Self-attention works by projecting each input token into three distinct vectors:

- **Query (Q)**: Represents the current word being evaluated.
- **Key (K)**: Represents all words in the sequence.
- **Value (V)**: Contains the actual information for each word.

These vectors are generated by multiplying the input embeddings with learned weight matrices.

---

## Step-by-Step Process of Self-Attention

### 1. Computing Attention Scores

Calculate the dot product of each Query vector with every Key vector to measure similarity:

$$
\text{score} = QK^T
$$

This produces a score matrix indicating the attention relevance between all token pairs.

### 2. Scaling the Scores

Scale the dot product scores to avoid extremely large values that can negatively impact training stability:

$$
\text{scaled_score} = \frac{QK^T}{\sqrt{d_k}}
$$

Where \( d_k \) is the dimensionality of the Key vectors.

### 3. Applying Softmax

Normalize the scaled scores into a probability distribution:

$$
\text{Attention}(Q, K, V) = \text{softmax}\left(\frac{QK^T}{\sqrt{d_k}}\right)V
$$

This produces attention weights that emphasize more relevant words.

### 4. Computing the Final Attention Output

Multiply the attention weights with the Value vectors to aggregate contextual information:

$$
\text{Output} = \text{softmax}\left(\frac{QK^T}{\sqrt{d_k}}\right)V
$$

Each output vector is a weighted sum of the value vectors, emphasizing relevant words.

---

## Multi-Head Attention

To allow the model to capture diverse types of relationships, Transformers use multiple self-attention operations in parallel:

$$
\text{MultiHead}(Q, K, V) = \text{Concat}(\text{head}_1, \dots, \text{head}_h)W^O
$$

Each head uses different projections of Q, K, and V and captures unique aspects of word dependencies.

---

## Visualization of Self-Attention

Tools like **exBERT** and **BertViz** can visualize self-attention heatmaps, showing how each word in a sentence relates to others.
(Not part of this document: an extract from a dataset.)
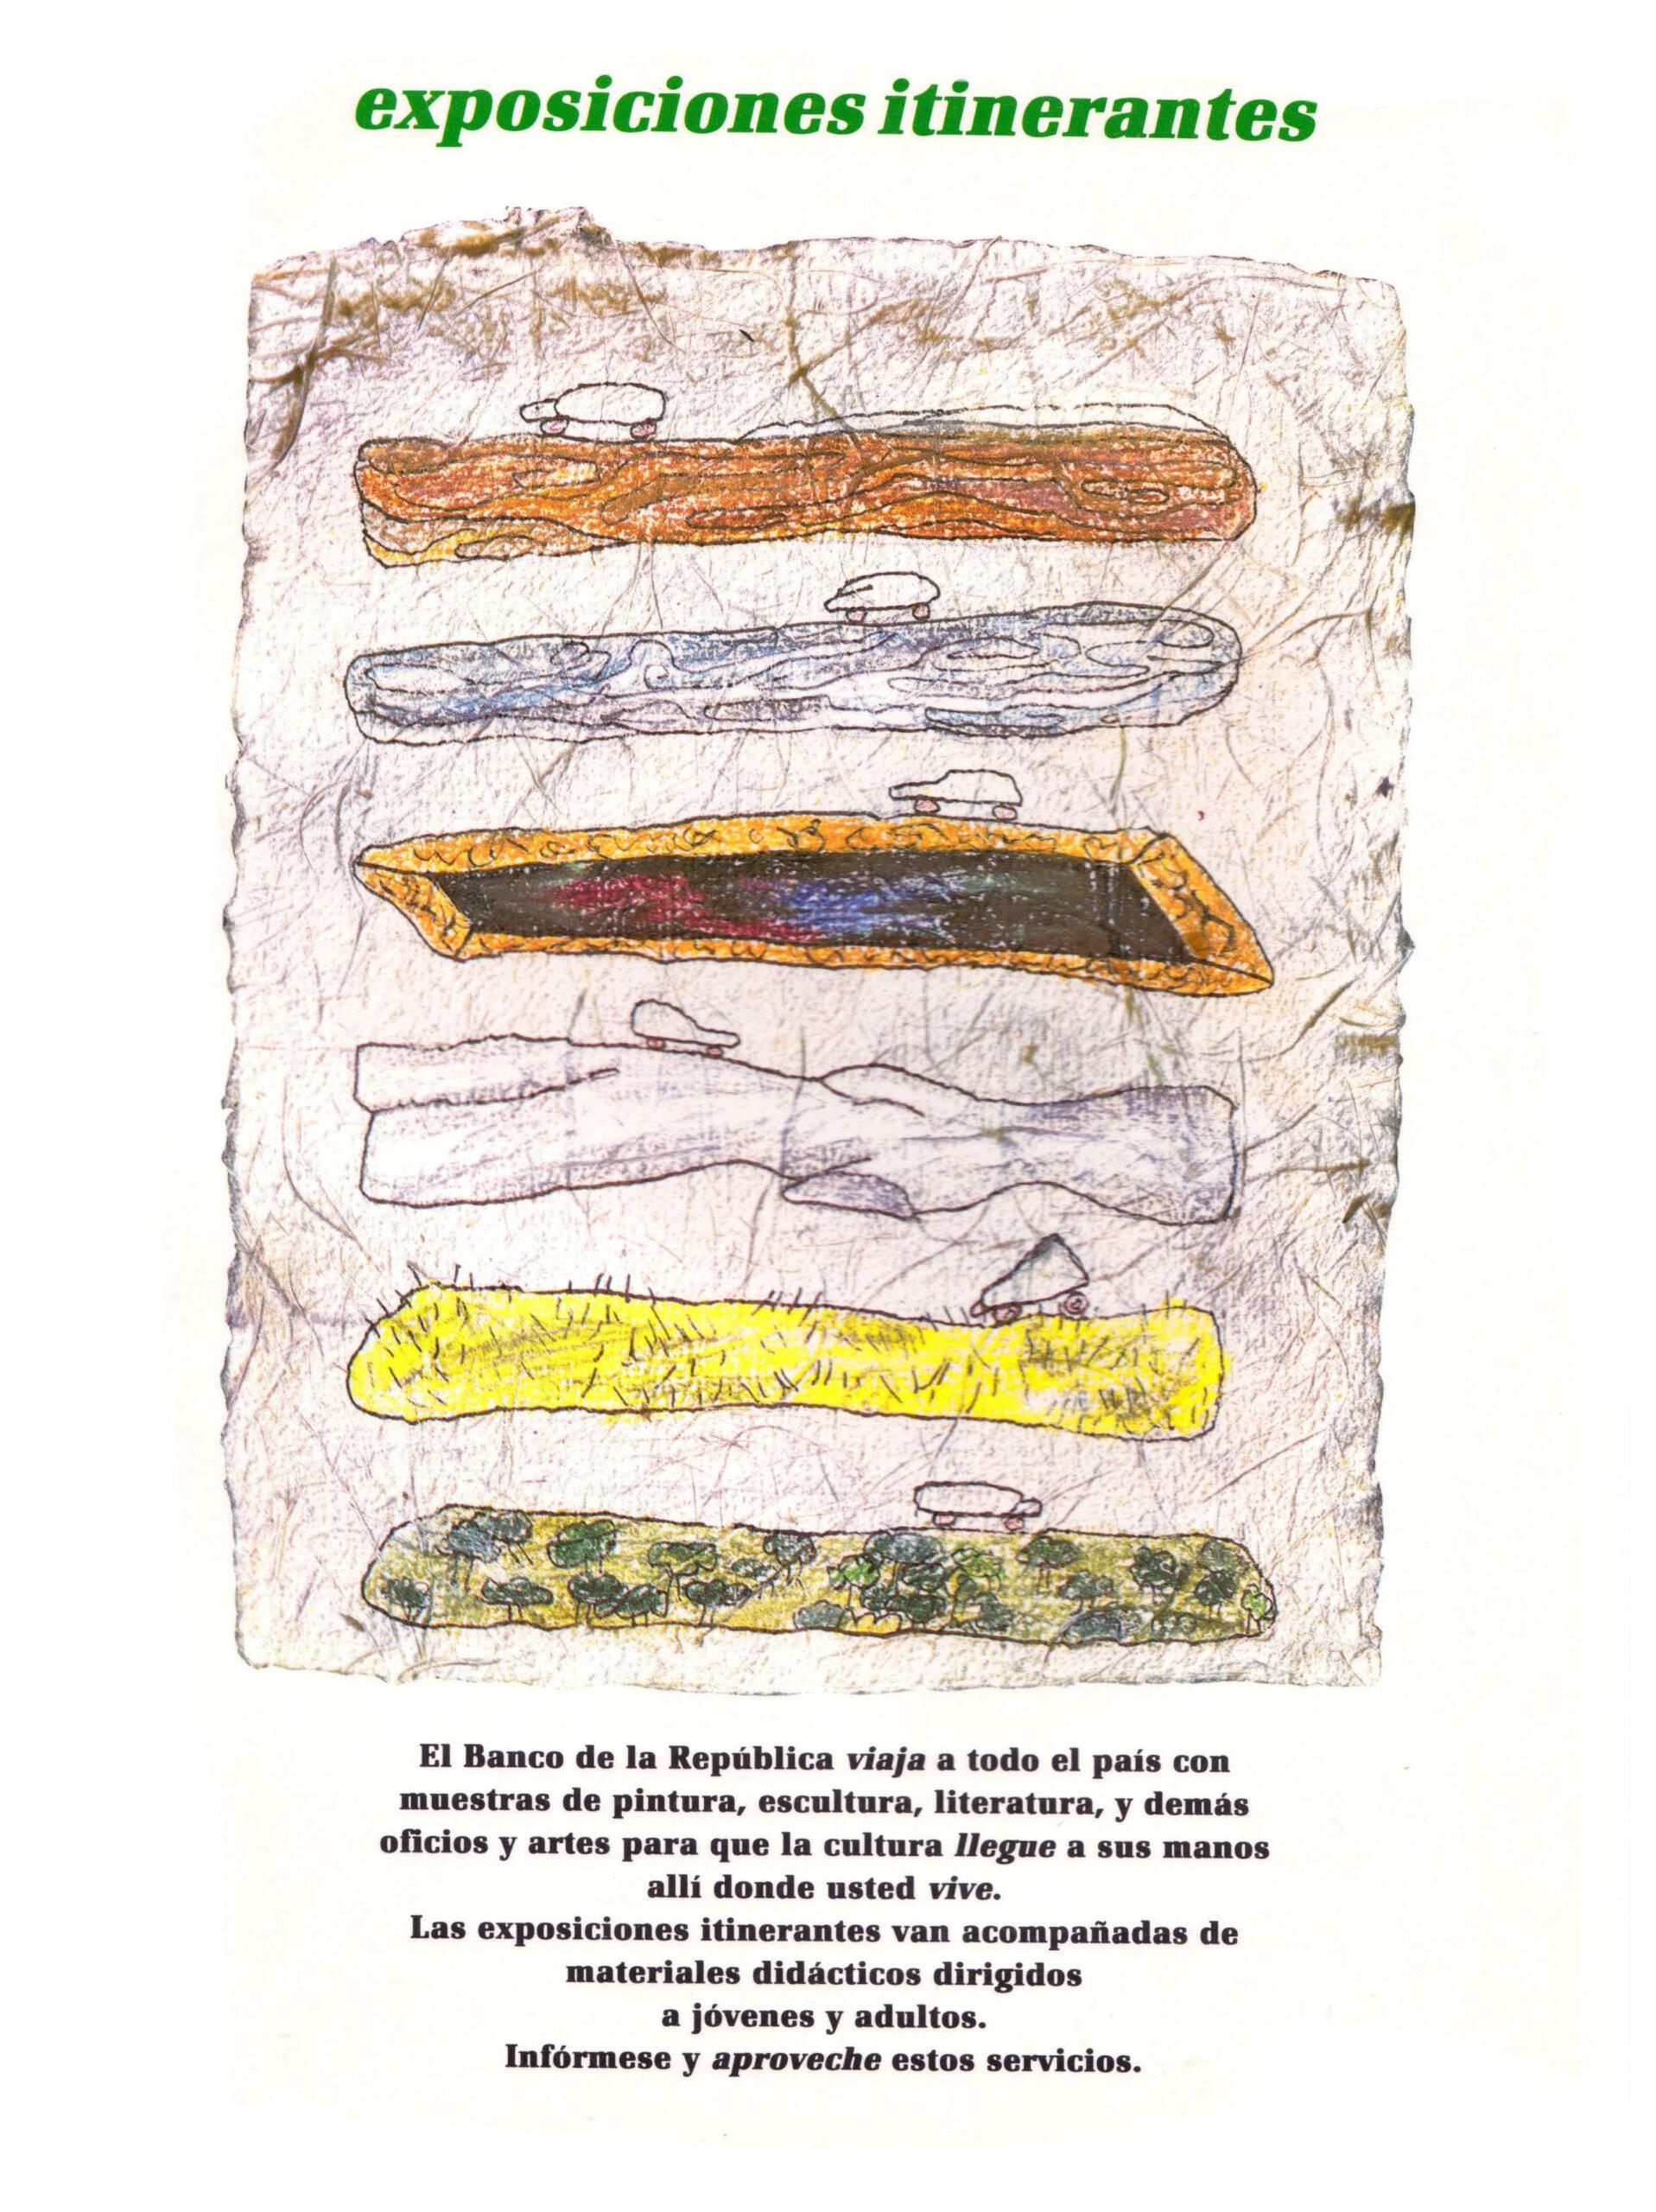 Cardoso. María Fernanda. Contraportada. Boletín Cultural y Bibliográfico XXII. no. 5. 1985 copy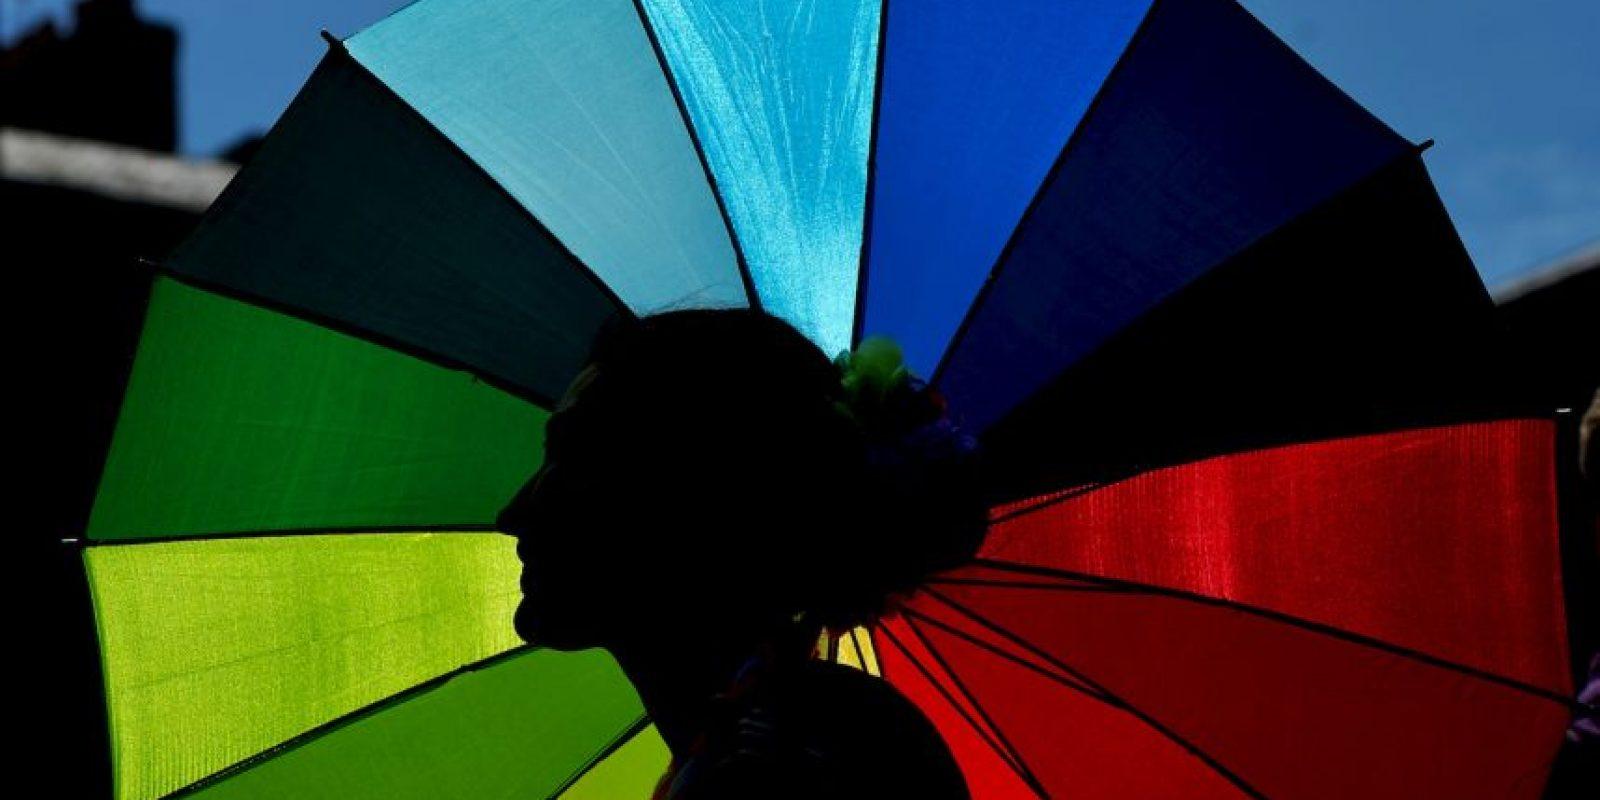 """Desde mayo de 2013, las parejas del mismo sexo tienen derecho a tener el estatutos de """"matrimonio"""", de acuerdo a una sentencia de la Corte Federal. Foto:Getty Images"""

For instance, in the sentence:

> "Mark told Sam that he was leaving."

A well-trained model may show strong attention from “he” to “Mark”.

---

## Why Self-Attention Revolutionized AI

- **Parallelism**: Processes entire sequences simultaneously.
- **Long-Range Dependencies**: Captures relationships across distant tokens.
- **Scalability**: Suitable for large-scale training.
- **Versatility**: Powers tasks in NLP, vision, and beyond.

---

Self-attention lies at the heart of modern AI, making Transformers the foundation of state-of-the-art language and multimodal models.